One reply stated that I had a "very biasied" opinion and that I
described an "ossified" museum exhibit, not a living, developing art
form. By that logic, let's abandon the Torah. Who needs that old stuff?
Anything goes, right? It's good to experiment, right? I beg to differ.
Rules are ESSENTIAL for artists, as well as for all humans. Ask any
artist and they will tell you this. For that matter, try to raise
children without rules and see what you get. A great problem we have in
our art world right now is that too many artists believe that anything
goes and so we have travesties like a cruxifix in urine being called Art.
Expression yes. Art, no. The same goes with the rest of society. Have you
noticed the seeming epidemic of rudeness lately? If you drive you have.
The reason goes right back to the basic disregard of the basic rules of
living together. We have gone hell-bent-for-leather towards FREEDOM,
forgetting that it is only a relative term and that one can't know how
to rebel until one knows what one is rebelling against.
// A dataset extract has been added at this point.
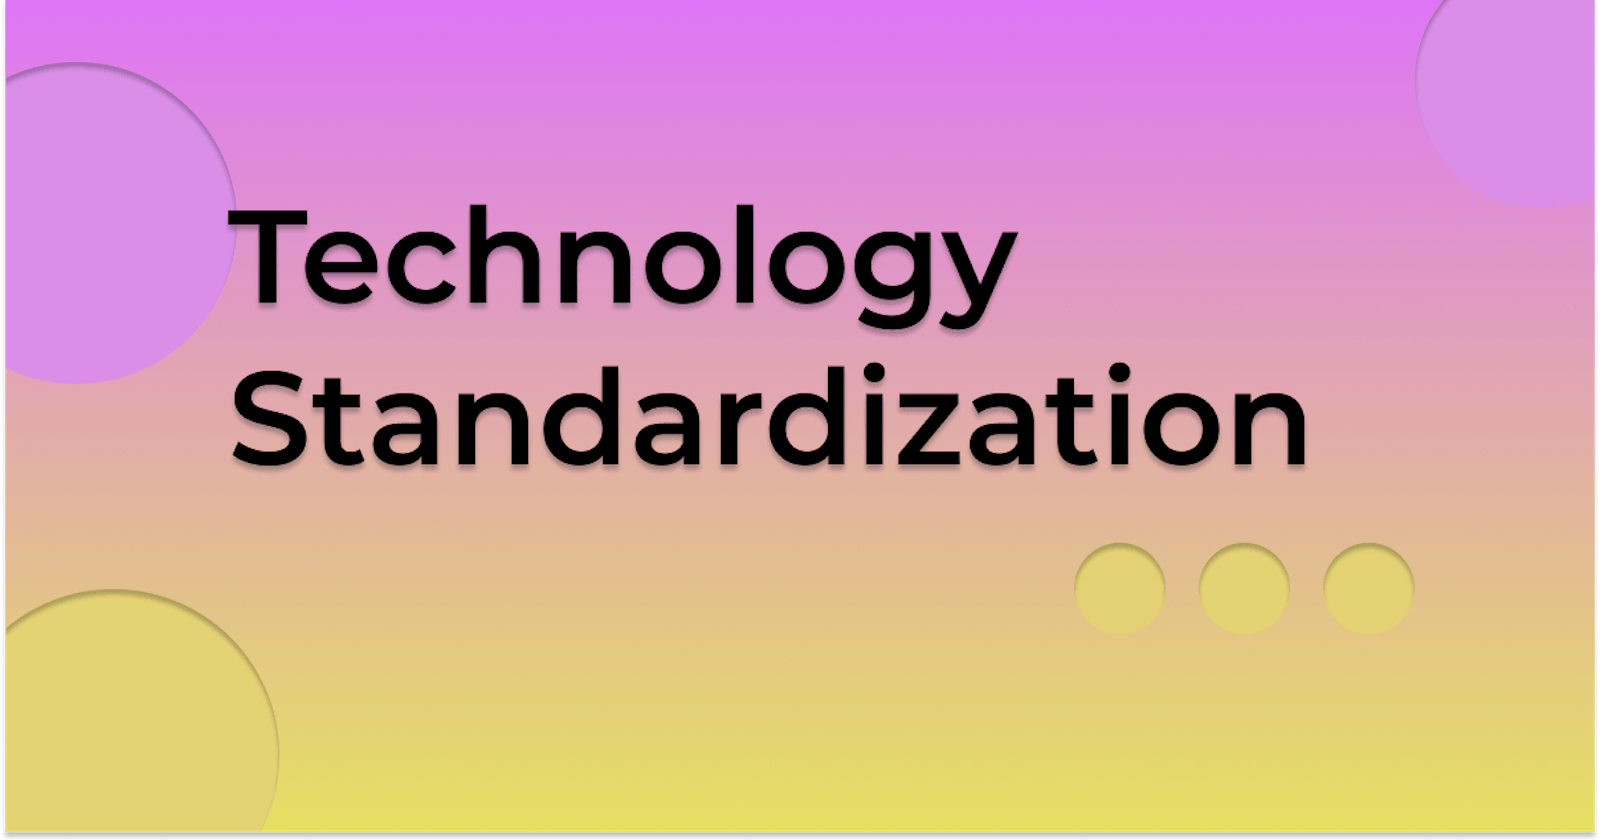 Technology Standardization and Web Standards

Kind of interesting that Art is a direct reflection on society,
huh? Again, let me state that experimentation is obviously not bad.
However, to
misrepresent it is. This is what I'm going on at the mouth about. I have
spent lots of time and effort to learn to play a beautiful and
many-faceted art form called Klezmer. I take great exception at those who
apropriate the name for sometihing else, thereby denigrating and
negating all that I have worked for.